The initial shaping had produced a rather crooked disk with a hole through the center, which I shaped and smoothed using a saw and different grades of sandpaper. I then straighten the center hole using my Dremel, as I did not have a rasp of the appropriate shape and size. I finished the whorl with a small amount of beeswax based polish to give the stone a bit more shine. It is not clear if any of the extant whorls were polished or waxed in any way, but many have a very smooth finish and decorative carving so it seems reasonable to take an extra step to enhance the beauty of the piece. Some of the soapstone whorls, in particular that found at L'anse Aux Meadows were made from old cooking pots and have oil residue on them as a result but I was unable to find mention of any other oil or wax being employed on a whorl.

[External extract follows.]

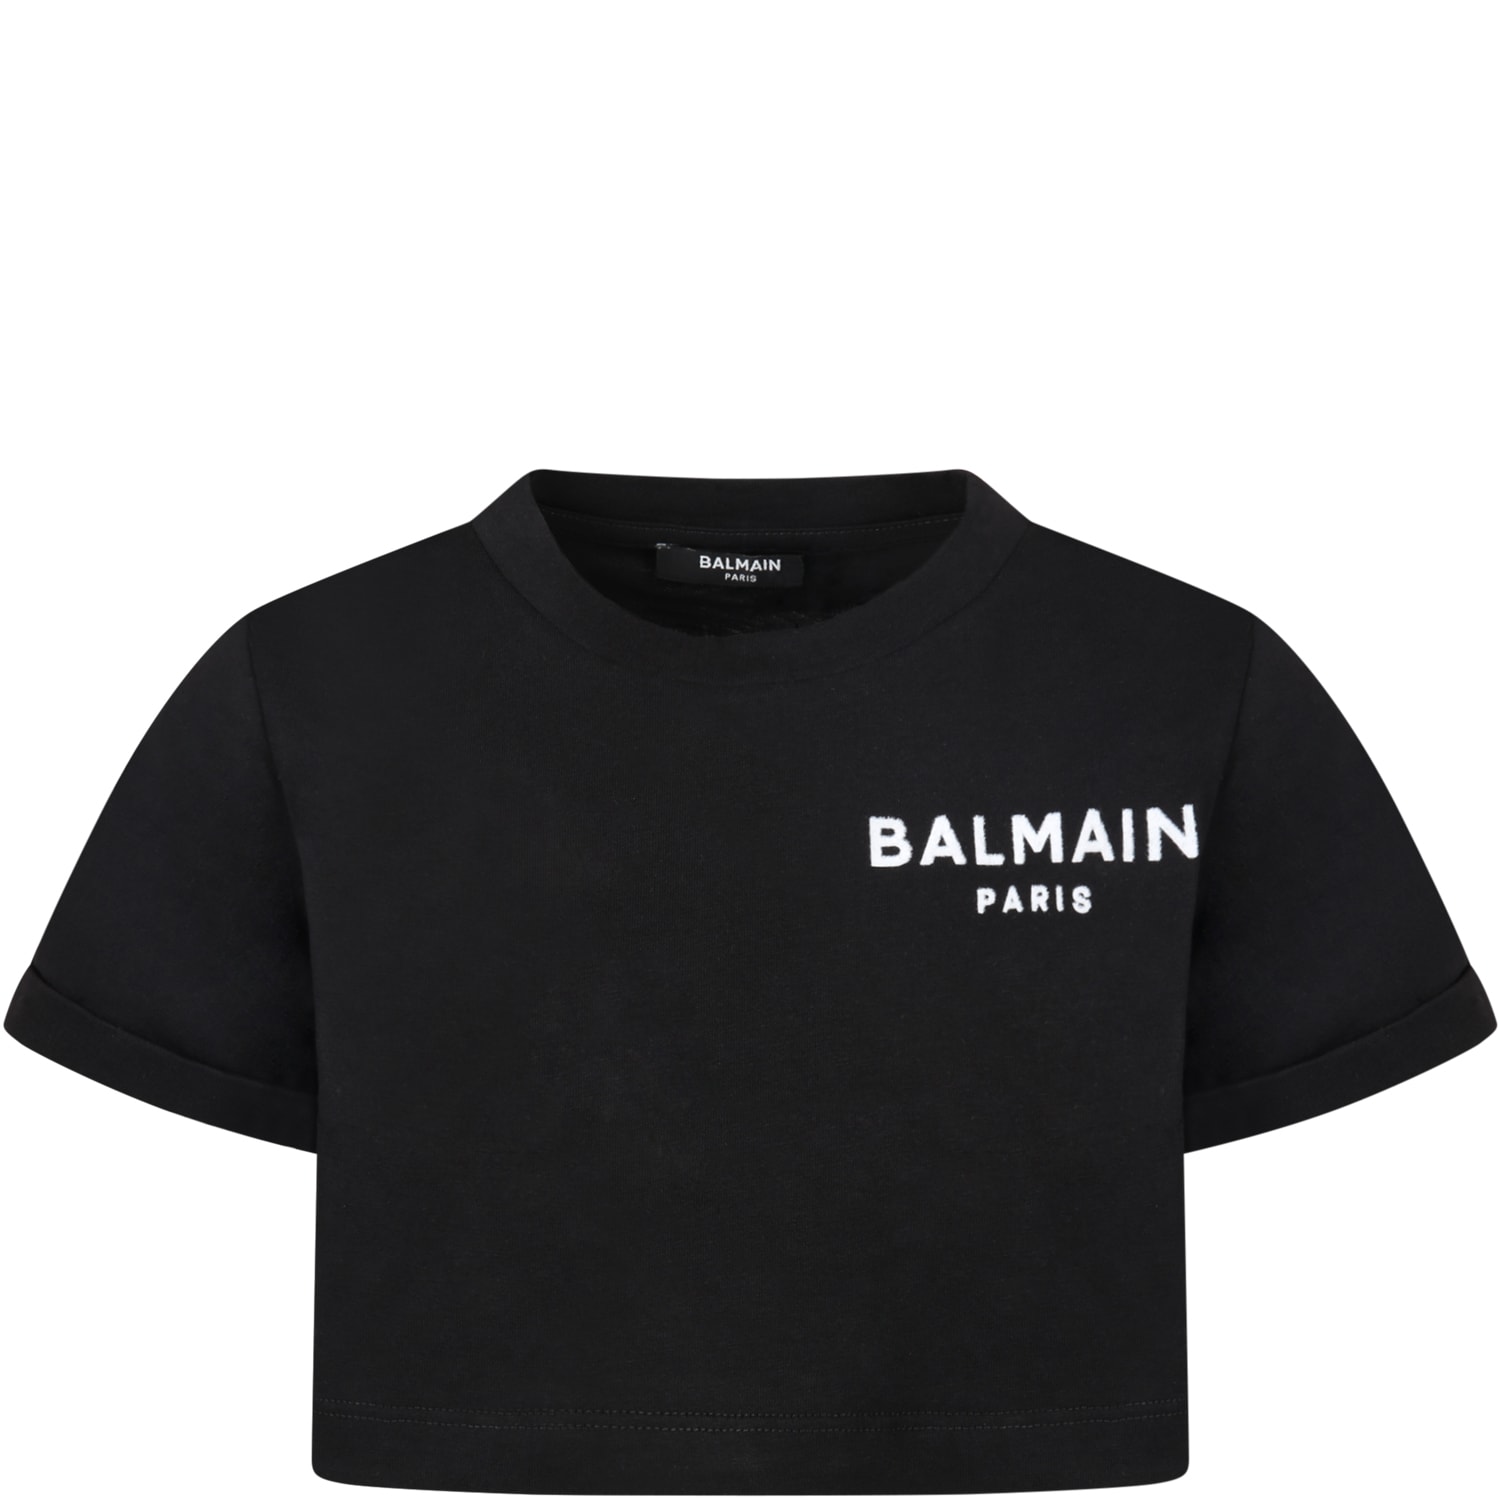 Balmain Black T-shirt For Girl With White Velvet Logo

The spindle shaft was shaped using sandpaper from a purchased dowel cut to length. Once the desired shape had been achieved and the whorl fit, I cut my notch and finely sanded the shaft and finished it with the same beeswax polish to provide a smooth finish that would not snag my thread as I spun. The spindle shaft is 9 millimeters wide and 19 centimeters long, about average based on extant examples.

While I did much of my shaping of both the whorl and the shaft using coarse sandpaper as that is what I had at hand, it is more likely that this would have been accomplished with files and rasps in period. It would certainly be easier to shape the stone with files, and the shaping would proceed more quickly, though using a slower process was probably for the best on my first attempt. As I plan to make more whorls in the future, I plan to invest in a good set of files and rasps to make this easier. I would also like to explore shaping the stone and the shafts on a lathe, as this would make it easier to get a balanced shape. The most challenging part of the shaping process is drilling the central hole, as this must be centered and perpendicular to the flat side of the whorl. It seems that drilling the hole first, then shaping around the hole on a lathe would be the simplest way to get an even, well-balanced whorl.

Even working with comparatively unsophisticated equipment, I was able to produce a quite serviceable spindle. There is a small amount of wobble when the spindle turns too quickly, which I suspect could be minimized by shortening the shaft or adjusting the notch. My whorl ended up weighting in at 50 grams, which is on the heavier side, but still allows me to produce a reasonably fine wool thread. It is interesting to note that this qualifies as a fairly light spindle by modern standards.


Anderson, Eva. Excavation in the Black Earth 1990-1995; Tools for Textile Production from Birka and Hedeby. The Birka Project, Stockholm, 2003.

Østergård, Else. Woven Into the Earth: Textiles From Norse Greenland. Aarhus University Press, 2004.

Walton, Penelope. The Archaeology of York: The Small Finds Textile Production at 16-22 Coppergate. The York Archaeological Trust, 1997.

Priest-Dorman, Carolyn. Medieval North European Spindles and Whorls ( Last accesses January 17, 2011.

Gaslee, Sarah. Viking Textile Tools ( Last accessed January 18, 2011.

Williamson, Roland. Regia Anglorum: Stoneworking ( Last accessed January 18, 2011.